The Eastern New Mexico News - Serving Clovis, Portales and the Surrounding Communities

By Dawn Bilbrey
Guest columnist 

Let's keep the school testing system


July 15, 2018

I'm a mom and a teacher and I think we should keep PARCC

This month our state's Partnership for Assessment of Readiness for College and Careers results were released and, with them, a flurry of public debate ensues again about whether or not we should move forward with the system we have in place, or — as both candidates running for governor have stated — scrap it for something different.

As a mother and a teacher, I deeply believe we should stay the course. The value of searching for something different, given that it will likely be similar to what we have, is far outweighed by my desire to have consistency in our education system.

As a 19-year veteran teacher and a mother of three, who have all weathered the so-called standardized testing "storm," I can speak to the validity of what works best in my classroom and how the college-and-career ready standards accompanied by PARCC have helped my children achieve as learners.

In my classroom, I value having high-quality assessment results for my students to help prepare lessons and instructional practices. Because I work hard to align my instruction to our state standards and know the assessment will assess these measures, I am empowered to give my students relevant and useful instruction that will impact their future.

I already know the argument to this point; doesn't this mean I am merely teaching to the test? This statement always bothers me. It implies that I'm not capable of creating learning that is innovative and inspiring while still being relevant and timely. Having a measure to monitor my instruction and student learning is vitally important to maintaining a learning environment that is both structured and sequenced to the grades above and below me.

When I assign an essay or project in my classroom, I provide a grading rubric that allows my students to understand the intended objectives of the assignment and my expectations. I view the standards, and the aligned assessment, in this exact same way — as a rubric for my students learning.

If they know and master these objectives, they will find success as they move from grade to grade.

Is it easy? No. Not at all. It takes hours of studying to prepare my units, but my students deserve it. So does my profession.

As a parent, watching my two younger children navigate the PARCC for the last four years has been interesting and exciting. My kids are fortunate to attend a school where high expectations and rigor are part of their day-to-day journey as students.

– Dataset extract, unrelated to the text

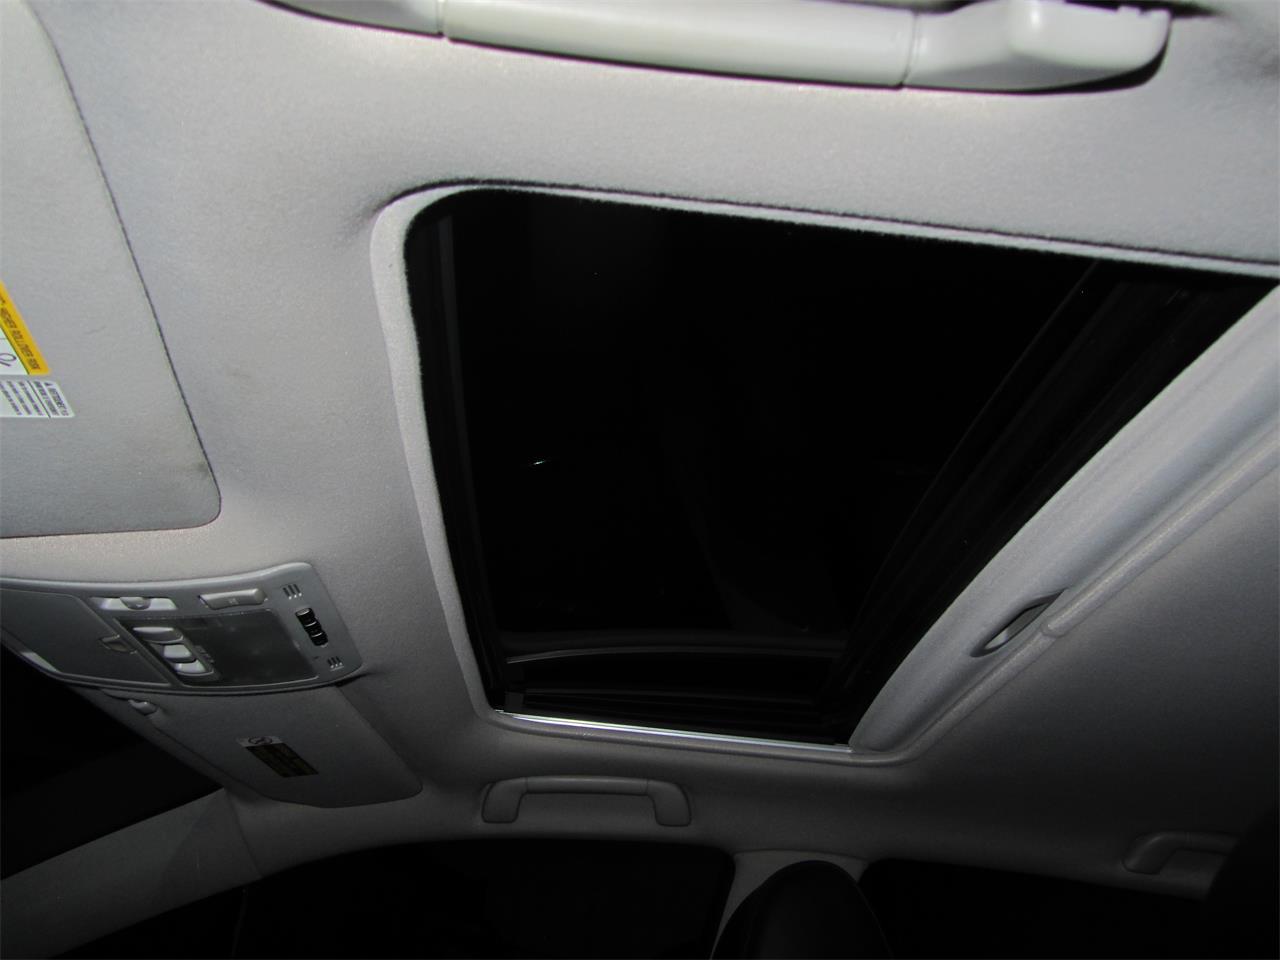 Large Picture of '05 Lexus RX330 located in Omaha Nebraska - $14,900.00 - NE2J
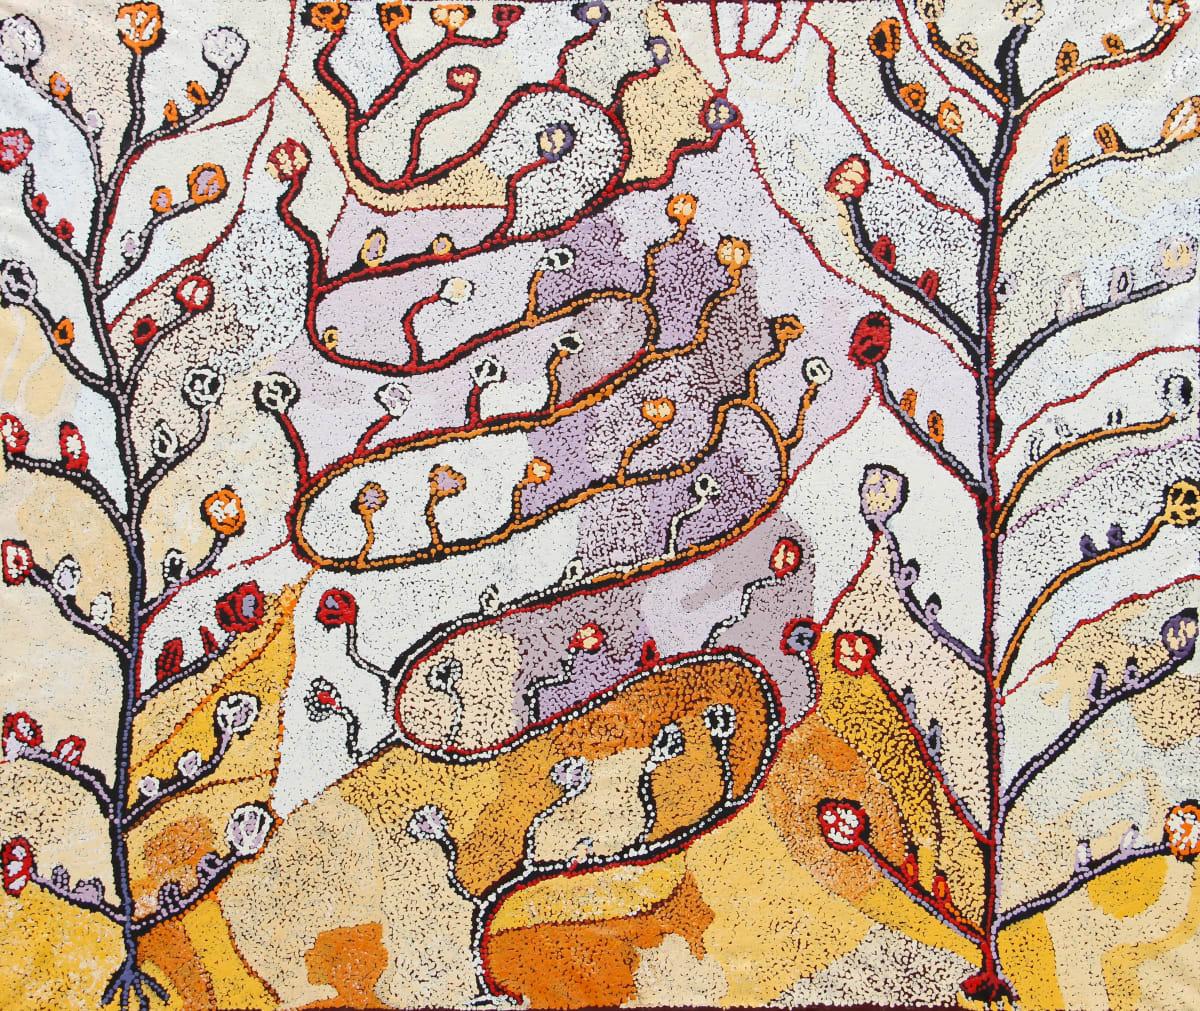 Nellie Coulthard Tjuntala Ngurangka (Country with Acacia Wattle), 2018 Acrylic on Linen 167 x 198 cm

Additionally, in my community data is viewed as a tool to better inform students, teachers, and parents alike about strengths and weaknesses so that measurable goals can be set and achieved.

My youngest child has worked diligently from the first PARCC administration in 2015, when she earned a performance score of 3, toward her own personal goal of a 5.

I can proudly say that she reached that score this year after dedicated commitment to the effort. As her mother, I am proud of the perseverance and grit she displayed in striving for this personal achievement.

Working toward this success will serve her well as she moves into college and then her career. As her mom, it is comforting to know she has learned to productively struggle through the "hard part" in her learning journey.

Having to readjust, relearn, and retrain around a new assessment system will not only slow the progress our students are making statewide, it will cause increased stress and frustration for teachers and districts. It will cost more money and time our current students cannot afford to sacrifice.

From my view, there is nothing significant to gain from uprooting our system, again. And, based on my 20 years of experience, a new test won't be that much different than what we have in place right now.

So, let's get back to the real work of improving instruction and supporting students. That's where we should be spending time and energy.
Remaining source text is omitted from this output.